In this project, we explore two self-supervised learning techniques to train networks for visual representation extraction. The pretext tasks that we consider for self-supervision are image inpainting and global context-based similarity. For both the techniques we train a neural network in a self-supervised setting. Further, we investigate the usefulness of these techniques by evaluating the performance of the trained network on downstream tasks of classification and segmentation. For these evaluations we use datasets that have an entirely different domain to reason about the usefulness.

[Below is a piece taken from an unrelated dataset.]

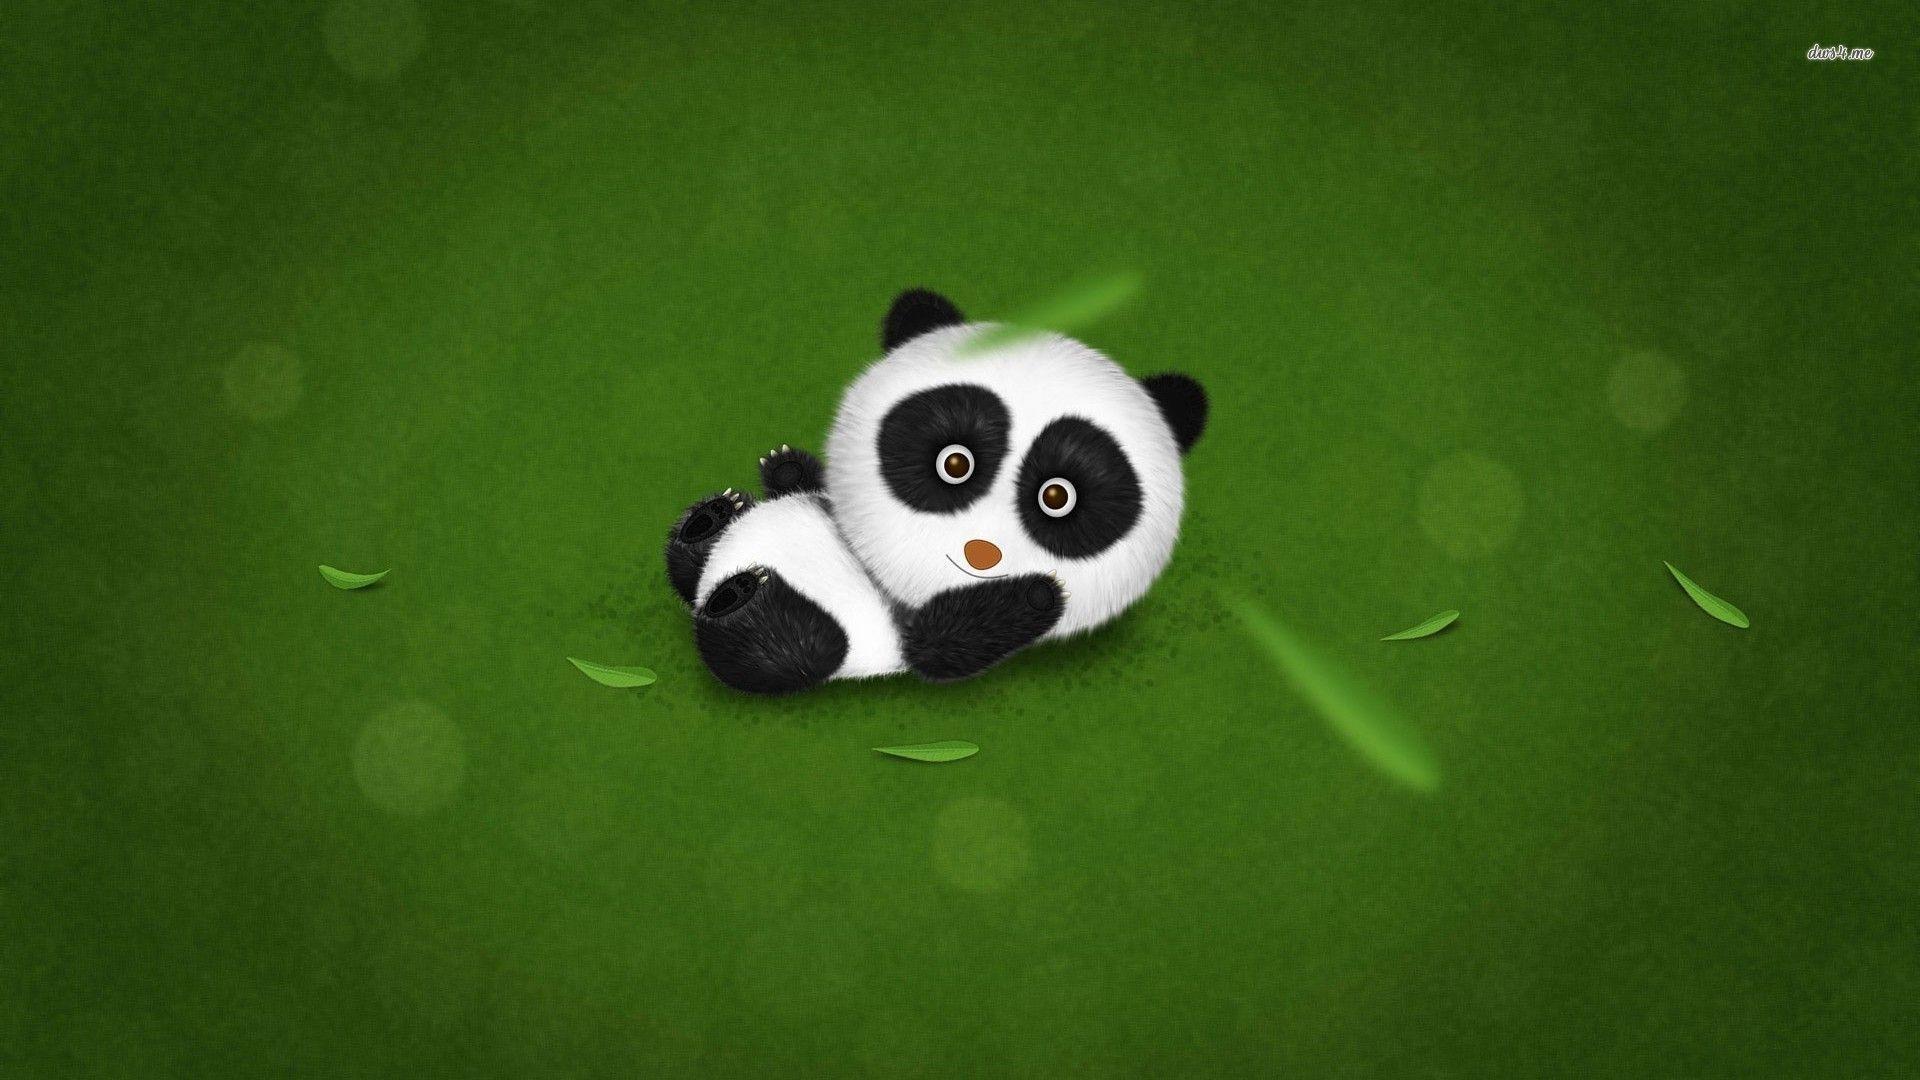 Baby Panda Wallpapers Wallpapertag

Following are the jupyter notebooks for the inpainting task
- Inpainting - Classification.ipynb
- Inpainting-VOC-OxfordIITPet.ipynb
Following are the jupyter notebooks for the inpainting task
- evaluate-with-contrastive.ipynb
- eval_classification_contrastive.ipynb
- data_util.ipynb
python3 -m venv .env
source .env/bin/activate
pip install -r requiremnts.txt
The datasets will be downloaded from the jupyter notebooks by using the boolean flag for download. If the dataset is already present, then it uses the current dataset.
- Run the notebook: Inpainting - Classification.ipynb, which uses the SSL task to train the encoders. This downloads OxfordPet dataset.
- When we run the torch.save cell in the previous notebook, we get a ssl_model.pth file with weights.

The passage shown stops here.